# Hybrid Search with LangChain

This notebook demonstrates how to build a hybrid search pipeline using LangChain, Elasticsearch, and SentenceTransformers embeddings. You will learn how to index FAQ documents, generate semantic embeddings, and perform advanced retrieval that combines both vector (semantic) and keyword (lexical) search.

**Notebook Overview:**
- Install and import all required libraries and packages.
- Load and embed FAQ documents using a transformer model.
- Set up an Elasticsearch index to store both text and vector representations.
- Index documents and perform hybrid search queries that leverage both semantic and keyword matching.
- Use LangChain's abstractions to simplify retrieval and evaluation workflows.
- Evaluate retrieval performance using standard information retrieval metrics (Hit Rate, MRR).

**Why use LangChain?**
- **Unified Abstractions:** LangChain provides high-level interfaces for connecting to vector stores, retrievers, and embedding models, reducing boilerplate code.
- **Hybrid Search Support:** Easily combine vector and keyword search strategies for more robust and accurate retrieval.
- **Extensibility:** LangChain integrates with a wide range of backends (Elasticsearch, Pinecone, FAISS, etc.) and supports custom pipelines.
- **Productivity:** Simplifies complex retrieval workflows, making it easier to experiment, prototype, and scale advanced RAG (Retrieval-Augmented Generation) systems.

By the end of this notebook, you will understand how to leverage LangChain to build powerful hybrid search solutions that combine the strengths of semantic and lexical retrieval. Start by installing the necessary LangChain and related packages for hybrid search with Elasticsearch and HuggingFace embeddings

In [None]:
%%pip install -qU langchain langchain-elasticsearch langchain-huggingface

In [None]:
import json
import pandas as pd
from tqdm.auto import tqdm
from sentence_transformers import SentenceTransformer
from elasticsearch import Elasticsearch

## 1. Indexing stage

### Load FAQ Documents and Embedding Model
Load the FAQ documents from a JSON file into a Python list and the SentenceTransformer model to generate vector embeddings for the FAQ documents and user queries.

In [None]:
with open('documents-with-ids.json', 'rt') as f_in:
    documents = json.load(f_in)

In [None]:
model_name = 'multi-qa-MiniLM-L6-cos-v1'
model = SentenceTransformer(model_name) 



### Generate Embeddings for Each Document
This cell generates vector embeddings for the question, answer text, and their concatenation for each FAQ document. These embeddings are used for semantic search.

In [None]:
for doc in tqdm(documents):
    question = doc['question']
    text = doc['text']
    qt = question + ' ' + text

    doc['question_vector'] = model.encode(question)
    doc['text_vector'] = model.encode(text)
    doc['question_text_vector'] = model.encode(qt)

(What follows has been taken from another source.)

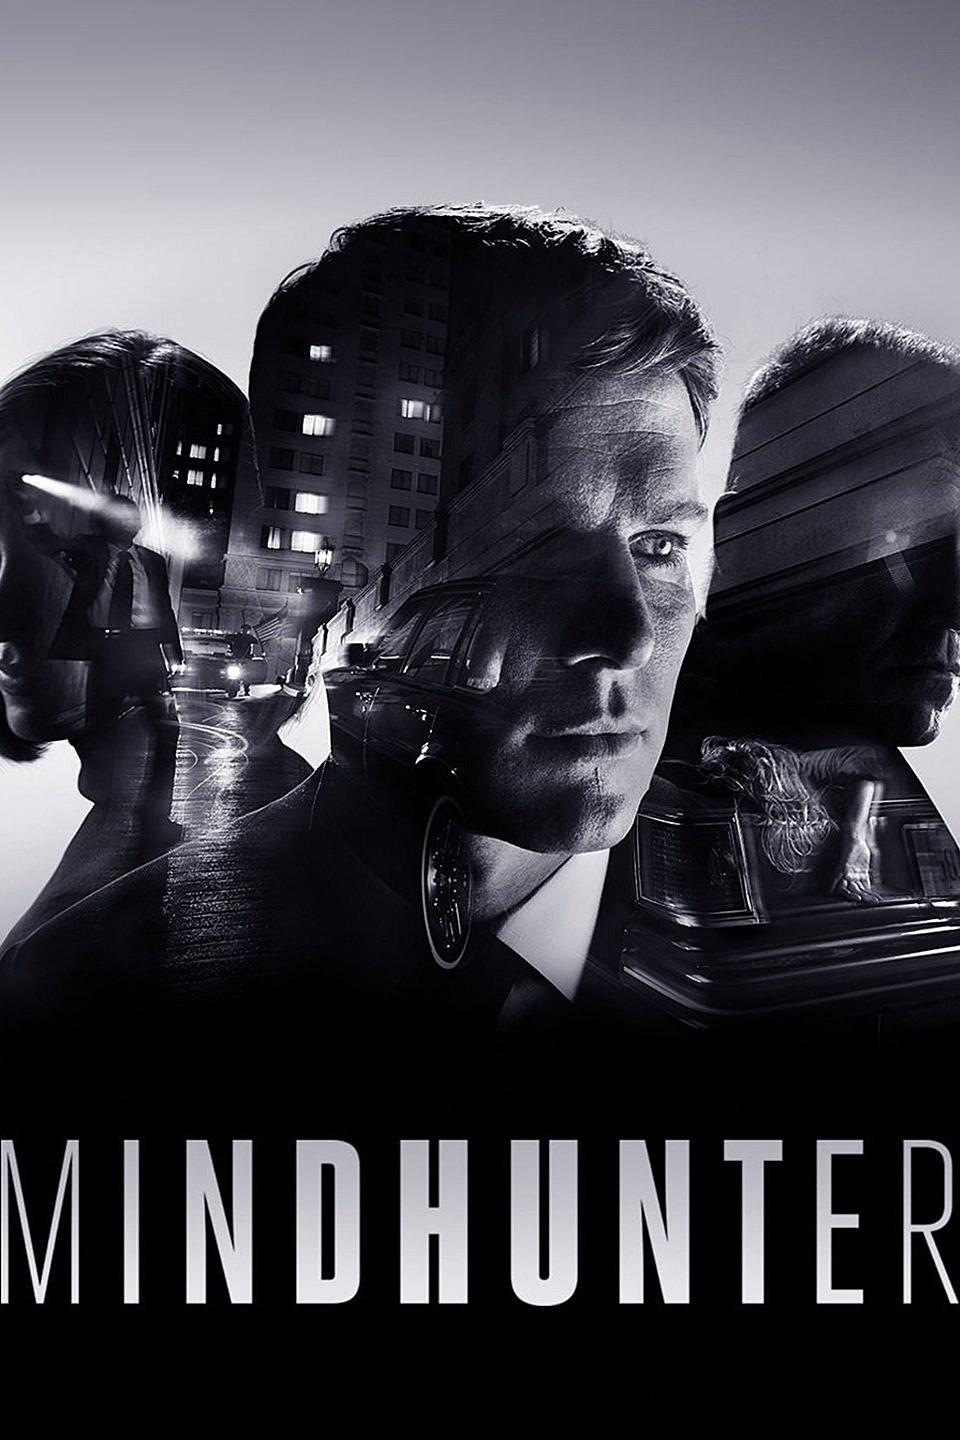 Serien "Mindhunter" kan ses på Netflix.

  0%|          | 0/948 [00:00<?, ?it/s]

### Set Up Elasticsearch Index
This cell connects to a local Elasticsearch instance and creates an index with the appropriate settings and mappings for storing the embedded FAQ data.

In [None]:
es_client = Elasticsearch('http://localhost:9200')

index_settings = {
    "settings": {
        "number_of_shards": 1,
        "number_of_replicas": 0
    },
    "mappings": {
        "properties": {
            "text": {"type": "text"},
            "section": {"type": "text"},
            "question": {"type": "text"},
            "course": {"type": "keyword"},
            "id": {"type": "keyword"},
            "question_vector": {
                "type": "dense_vector",
                "dims": 384,
                "index": True,
                "similarity": "cosine"
            },
            "text_vector": {
                "type": "dense_vector",
                "dims": 384,
                "index": True,
                "similarity": "cosine"
            },
            "question_text_vector": {
                "type": "dense_vector",
                "dims": 384,
                "index": True,
                "similarity": "cosine"
            },
        }
    }
}

index_name = "course-questions"

es_client.indices.delete(index=index_name, ignore_unavailable=True)
es_client.indices.create(index=index_name, body=index_settings)

ObjectApiResponse({'acknowledged': True, 'shards_acknowledged': True, 'index': 'course-questions'})

In [None]:
# Index FAQ documents, along with metadata and generated embeddings, into the Elasticsearch index
for doc in tqdm(documents):
    es_client.index(index=index_name, document=doc)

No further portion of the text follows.